Monday, Dec. 13, 1948

We seldom get an eyewitness account of a TIME cover subject's reaction to our story about him at the time he first reads it. Therefore, the following account of Anastasio Somoza's reaction to his cover story may prove to be as interesting to you as it was to us.

Nicaragua's dictator was attending a small dinner party with a group of intimate friends at Managua's Nejapa Country Club when his Acting Minister of Foreign Affairs entered with a copy of the November 15th issue of TIME with Somoza's portrait on the cover. It had just arrived on the evening plane with that week's shipment for Nicaragua.

La Estrella

Somoza looked at his cover portrait and then turned the magazine over to a colleague, insisting that the cover story be read aloud so everyone could hear it. The colleague, translating from English into Spanish, had read about half of the story--amid considerable hilarity and joshing --when Somoza took over. Saying that the translation was not good enough, he proceeded to read the rest of the story himself, punctuating its adverse comment with his own remarks. He was happy to appear on TIME's cover and delighted that the issue would be on Nicaraguan newsstands on the 16th anniversary of his assuming command of the Guardia Nacional.

Later, R. C. Macoy, TIME's stringer in Guatemala, talked to Somoza about the story and the Dictator said: "Wasn't that something! I never "thought lightning would strike a little tree, but it did. Of course, it wasn't all true, but I don't mind that. Shows people I don't control TIME."

Macoy asked "Tacho" Somoza, who does control Nicaragua, just what part of the story wasn't true. "Oh, that stuff about me getting some money to pay somebody. That all came from the opposition, but I don't mind. Hell, when they (TIME Correspondent Jerry Hannifin) told me about doing a story, I said, 'Why bother about me? I'm a friend of the United States.' But they said they needed the story, so I said go ahead. Hell, that's a lotta propaganda -- didn't cost me a penny."

Throughout the five colorful Central American republics the Somoza story received maximum attention.
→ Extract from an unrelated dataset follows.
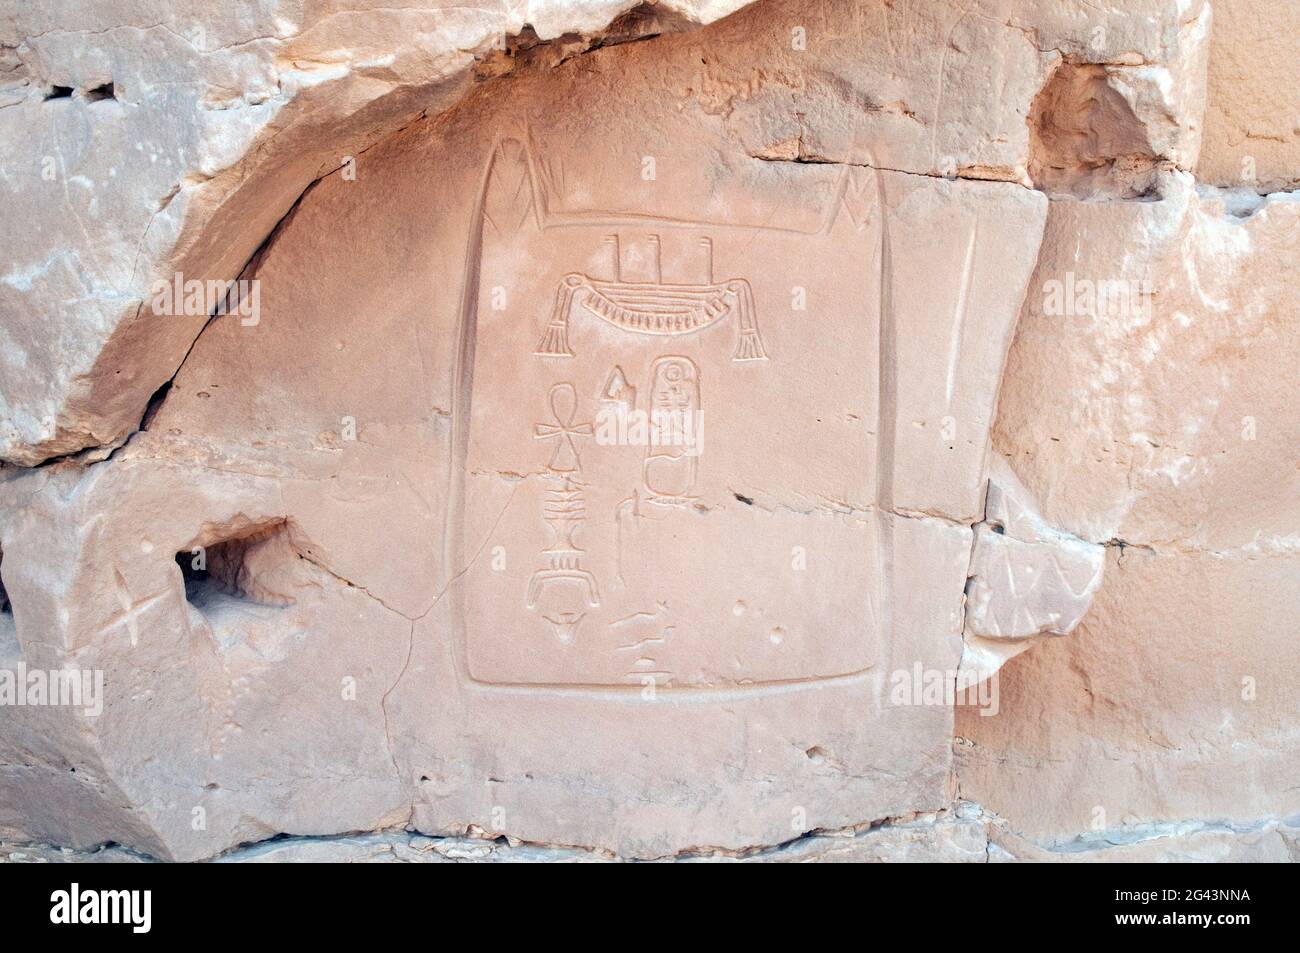 Hieroglyphic cartouche inscription and petroglyph dating to 2600 BC at the Water Mountain of Djedefre, in the Western Desert Sahara region of Egypt. Stock Photo

All of the newspapers published either full translations of it, or excerpts from it, or commented upon it. La Estrella de Nicaragua (see cut) ran TIME'S cover on Page One, together with Bob Chapin's map (Somoza on the Spot) and a photograph of the Dictator and some cohorts reading the issue.

In preparation for the story Correspondent Hannifin covered the ground thoroughly before undergoing the first of several interviews with Tacho, whom he found "a very tough and sentimental character, able and articulate under questioning, with what is undoubtedly the most calculating, retentive, audacious, and coldest mind in the Caribbean area." Before each interview Tacho would say: "Ask me anything, anything you want; I am opening my heart. Of course, I'm only a farm boy, not a politician."

Being a farm boy himself (from Idaho), Hannifin got along fine. Knowing that the Dictator was accustomed to censoring personally all outgoing cables about himself (in order to delete embarrassing copy and to see what others were saying about him), Hannifin typed out his copy and filed it from San Salvador, where censorship applies only to stories about El Salvador. There were no deletions and Hannifin, who by that time was "about the color of the background of Chaliapin's portrait of Somoza," went to the hospital with a severe attack of jaundice, answering the editors' remaining queries from his hospital bed up to the time the Somoza story went to press.